McColly came on the scene after a brief stint following his mountain passion at Bear Mountain where he had worked for Brad Wilson. McColly was one of many resort casualties at Bear following two lousy snow years. He found himself in San Diego with a degree from University of California at Riverside and not much of a future in snowy climes. That changed fast.
"I heard through the grapevine that Brad was back in Southern Cal at Mountain High," McColly said. "He asked me to interview and offered a position that didn't show much future so I turned it down. But, he was persistent and made me a much better offer a week later.
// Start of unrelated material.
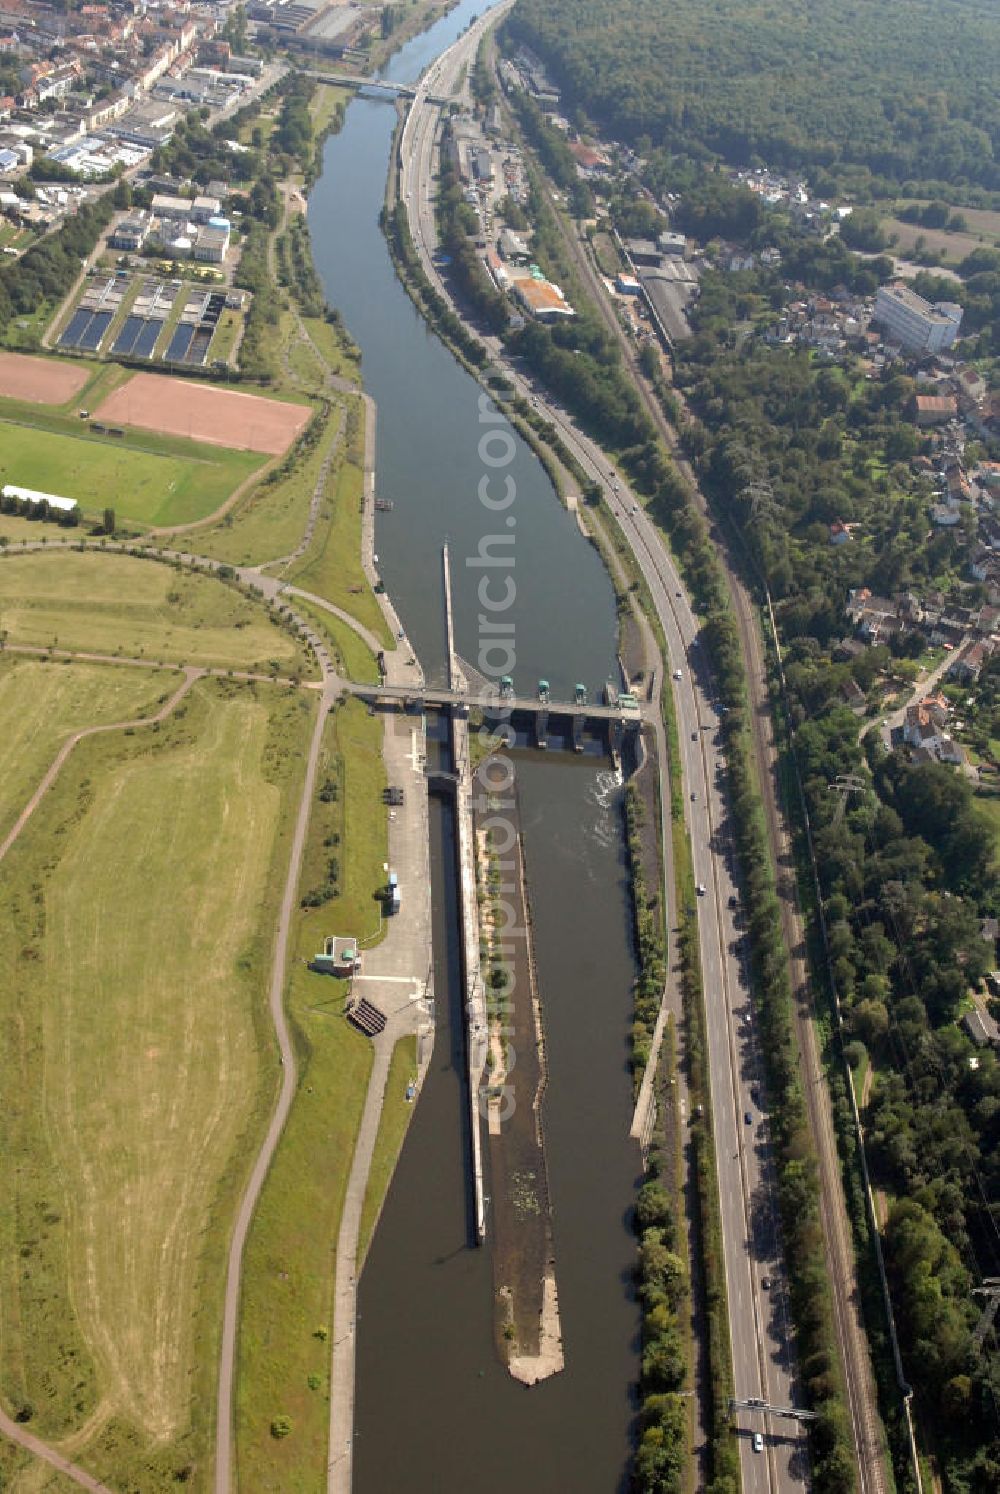 Aerial image Saarbrücken - Blick aus Westen entlang der Saar mit der Schleuse Luisenthal in Saarbrücken-Burbach im Saarland. Am linken Saarufer erstreckt sich die Autobahn 620. Am rechten Ufer erstreckt sich die Kläranlage Burbach des Entsorgungsverband Saar an der Mettlacher Straße. View from northwest along the Saar river.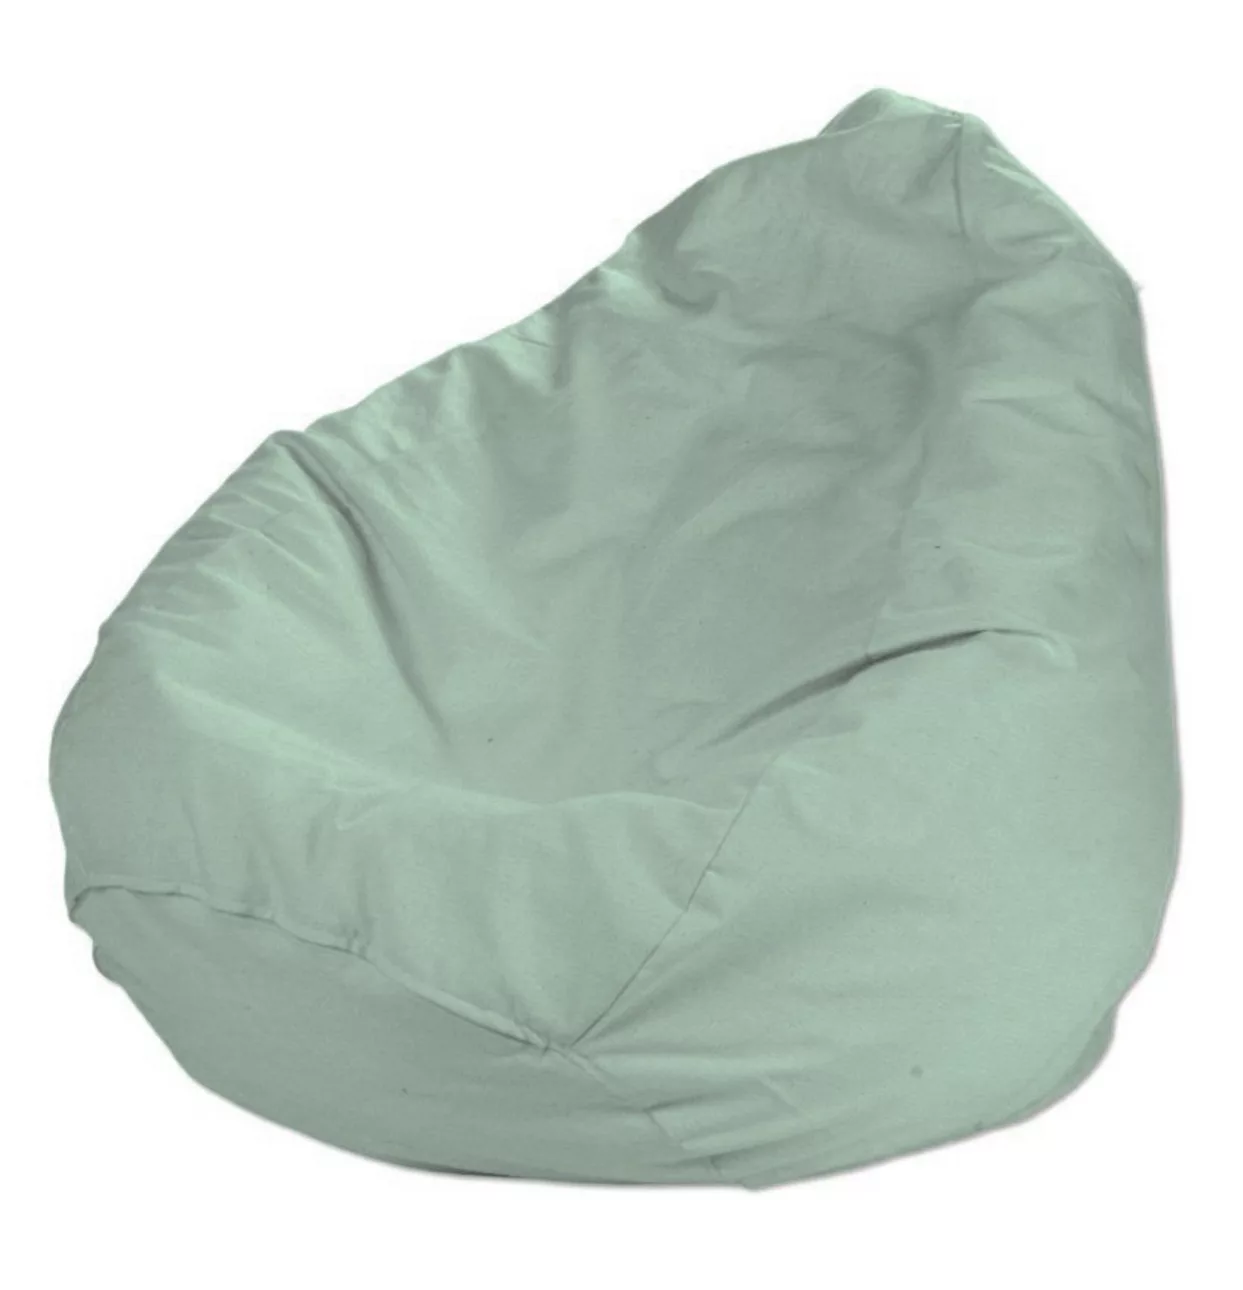 Bezug für Sitzsack, grün, Bezug für Sitzsack Ø60 x 105 cm, Loneta (133-61) günstig online kaufen

I took it. That was 11 years ago.
"We've been amazingly successful by reaching our audiences via radio and television promotions," McColly says. "It's been effective to have radio and TV personalities loaded up with giveaways and excited about a new season at Mountain High telling their audiences to come here rather than anything we can say."
Particularly in the younger demographic Hispanic market, he notes, deejays and media personalities "are Gods" with extraordinary influence. Latinos, unlike Asians, don't have a historical tie to skiing or snowboarding, so another key to that kingdom has been plenty of learn-to-ski and learn-to-snowboard promotions. The acquisition of Table Mountain provided ideal terrain.
Mountain High's employees are a mirror image of it skiers and riders (ok, make that many more riders than skiers. It's gone from 50-50 a decade ago to 80 percent snowboarders today). "There's no problem we can't defuse if communication or cultural issues are involved," he said.
McColly recalls an extremely upset Chinese guest who was increasingly frustrated when Customer Service tried to tell him what was going on with his daughter who they had brought to the Patrol Room. "It could have been a real nightmare," he says. The patrol quickly called in an Asian ski instructor who spoke fluent Chinese, calmed the man way down and, within 15 minutes, he left smiling.
The United Nations could consider some "R&R" there, alongside the African American purchasing director, the Peruvian payroll manager, the Filipino mountain operations guy, and even the Customer Service director who says he's of Mediterranean descent. They'd no doubt be impressed by the resort's signage in a number of different languages as well.
"Coming here was the best thing I've ever done," McColly says. Wilson, who has since moved on, and McColly, long have been credited by industry watchers with the resurgence of Mountain High's numbers. The resort reached its all-time "mountain high" at 567,000, but McColly believes "if all the planets align," 600,000 is a reachable goal.
The future is looking very good in Wrightwood. "We've worked very hard over a long time at building relationships with the radio and TV stations, so we're going to pick the fruit and continue down that path.
"CNL is really a big player now with 10 resorts and more acquisitions coming down the pike," he said. "We expect to be part of that expansion and hope to manage some of those new acquisitions. We couldn't be happier with the way things are going."
The Mountain High of today and, likely, tomorrow, is a revitalized success story. In any language.